QUAM–AFM is the largest dataset of simulated Atomic Force Microscopy (AFM) images generated from a selection of 685,513 molecules that span the most relevant bonding structures and chemical species in organic chemistry. QUAM-AFM contains, for each molecule, 24 3D image stacks, each consisting of constant-height images simulated for 10 tip-sample distances (in the relevant imaging range and spanning a variation of 1 Å (0.1 nanometers)) with one of the 24 different combination of AFM operational parameters, resulting in a total of 165 million images with a resolution of 256x256 pixels. The 3D stacks are especially appropriate to tackle the goal of chemical identification within AFM experiments by using deep learning techniques.

The operational parameters include six different values for the cantilever oscillation amplitude (0.40, 0.60, 0.80, 1.00, 1.20, 1.40 Å), 4 values of the elastic constant describing the tilting of the CO tip (0.40, 0.60, 0.80 and 1.00 N/m). The first parameter is freely chosen in the experiments in order to enhance different features of the image, while the last one reflects differences in the attachment of the CO molecule to the metal tip that are routinely observed and has been characterized in the experiments.

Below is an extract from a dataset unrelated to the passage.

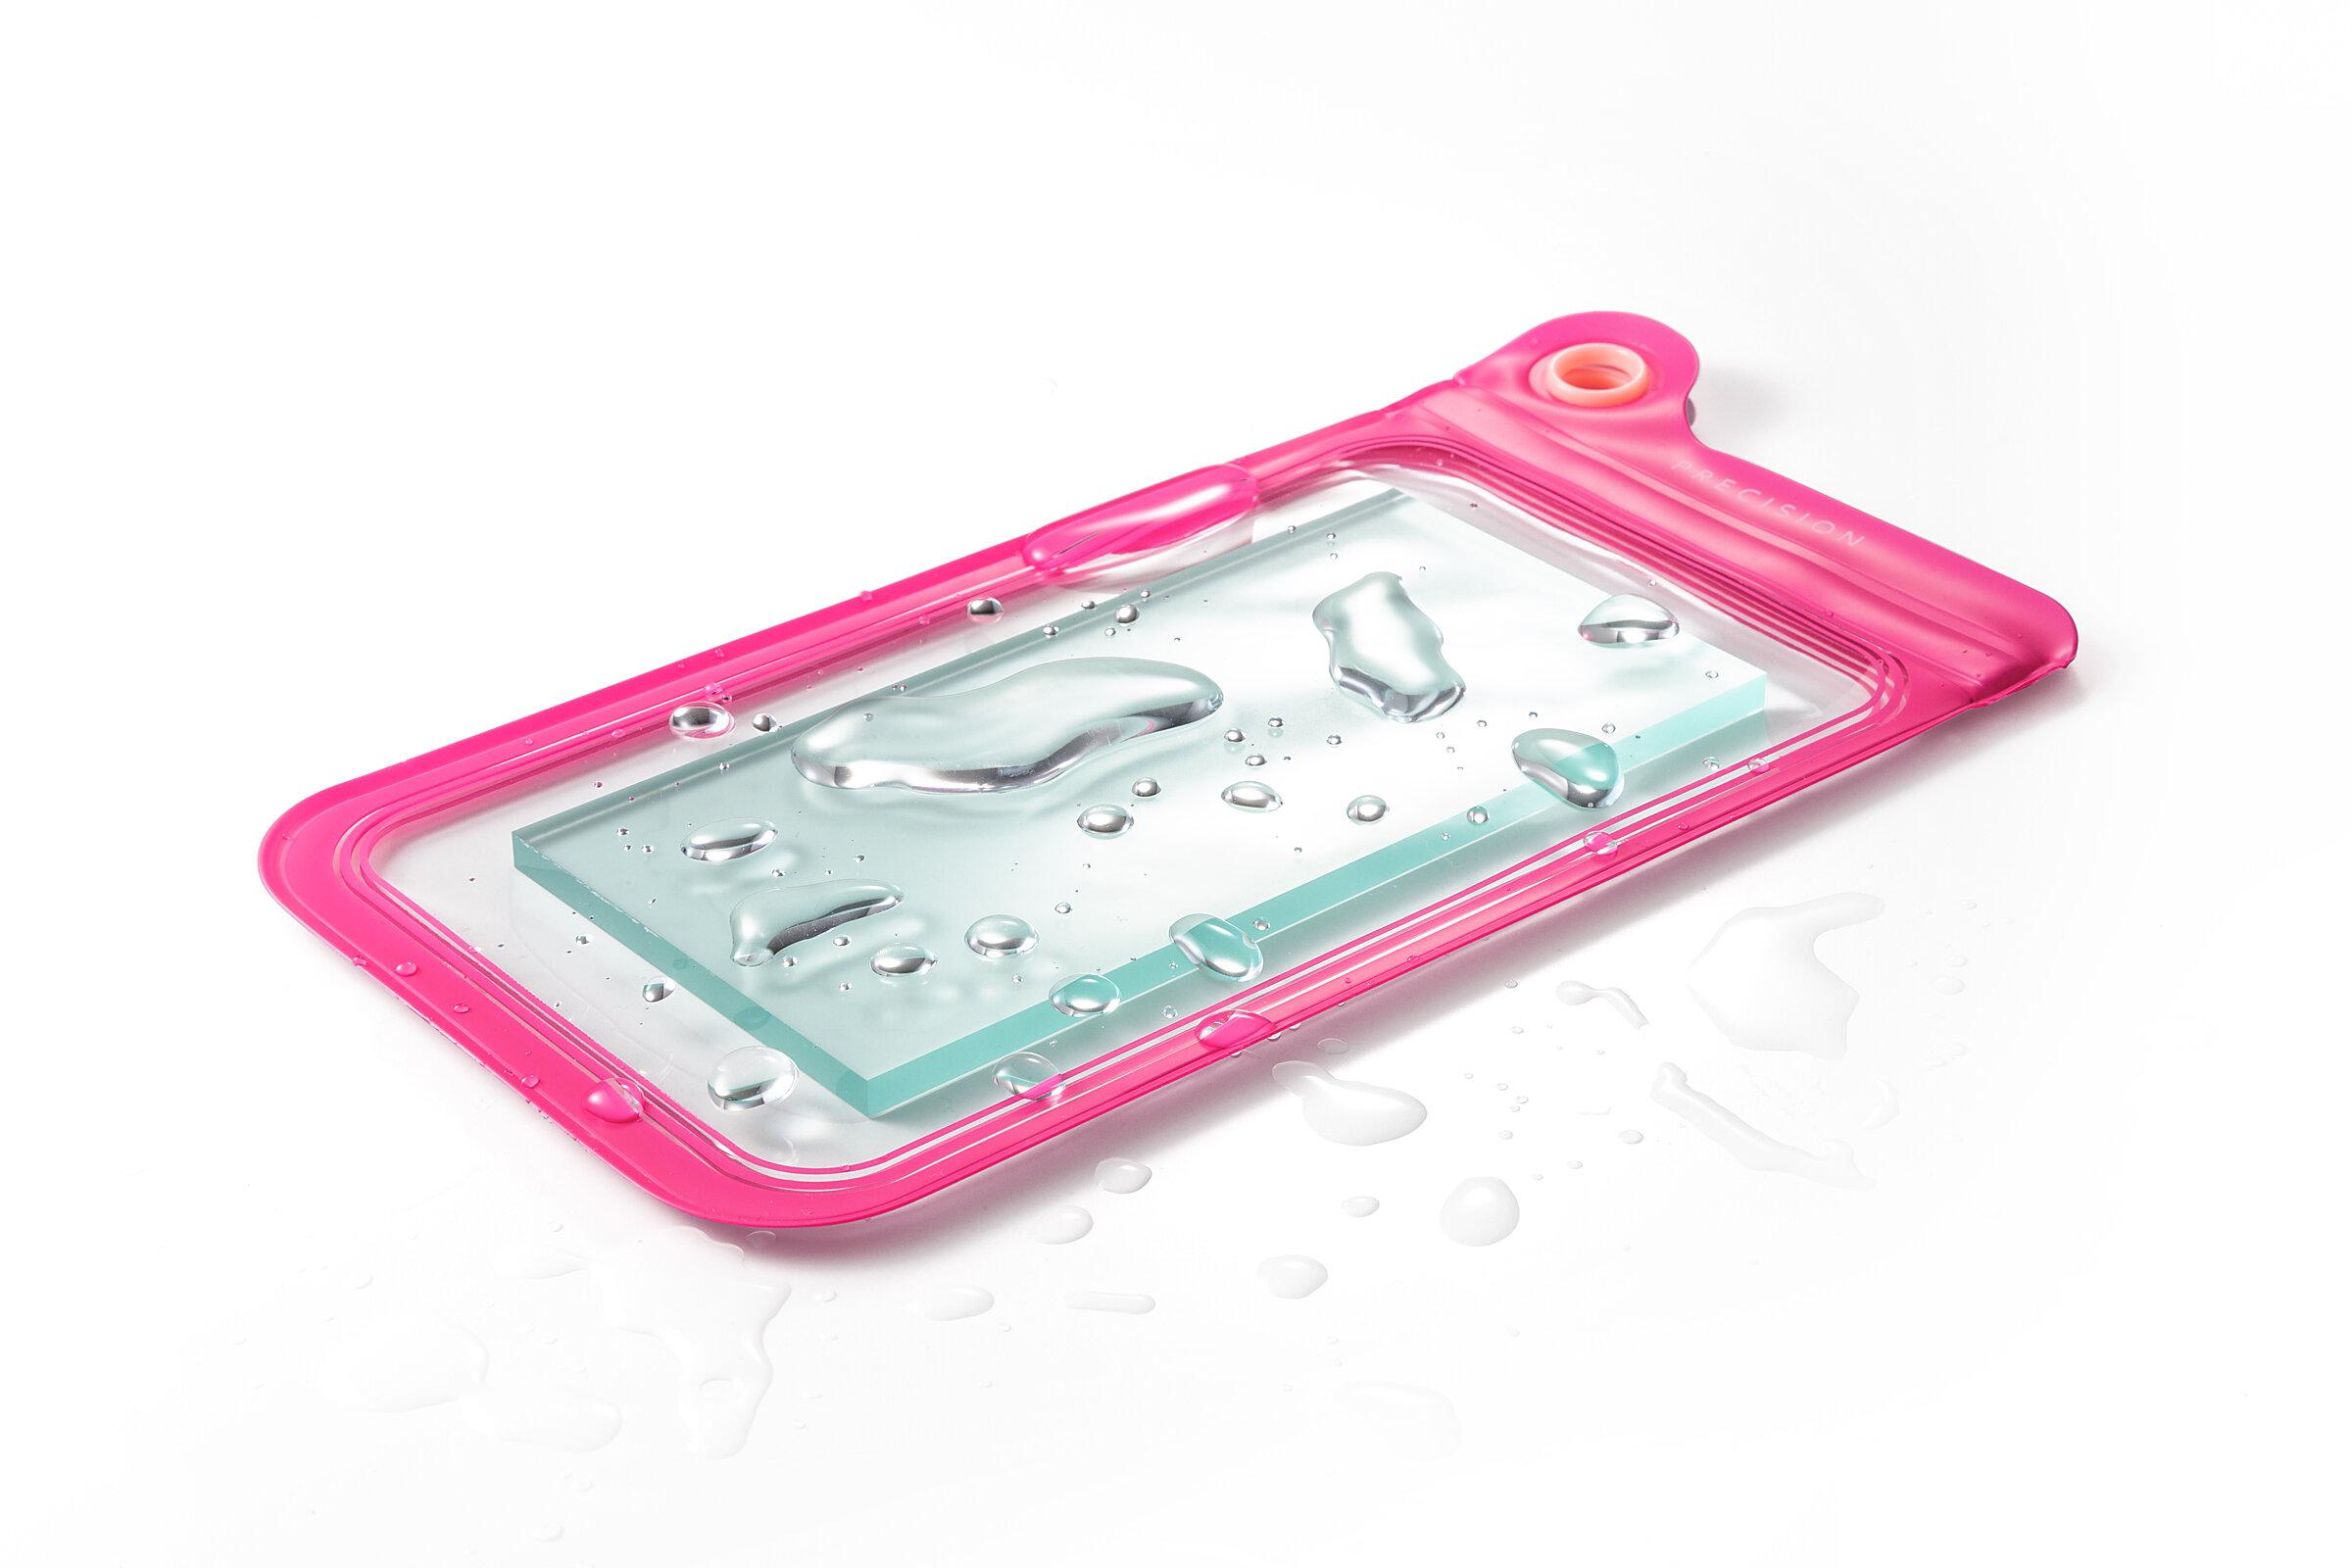 水滴や汚れからスマートフォンを保護する防滴ケース

The data provided for each molecule includes, besides a set of AFM images, the ball–and–stick depiction, the IUPAC name, the chemical formula, the atomic coordinates, and the map of atom heights. In order to simplify the use of the collection as a source of information, we have developed a Graphical User Interface (GUI) that allows the search for structures by CID number, IUPAC name or chemical formula.

This dataset arises as a product of the research carried out in collaboration between Quasar Science Resources S.L. (https://quasarsr.com) and the Scanning Probe Microscopy Theory & Nanomechanics Research Group (SPMTH) (http://www.uam.es/spmth) at the Universidad Autónoma de Madrid (UAM), funded by the Comunidad de Madrid under the Industrial Doctorate Programme 2017 (project reference IND2017/IND-7793).

The main goal of this dataset is to support the development of deep learning methods for molecular identification through AFM imaging. Once this project has concluded, this dataset is made freely accessible in order to facilitate and to promote research in a range of fields including Atomic Force Microscopy, on-surface synthesis and deep learning applications.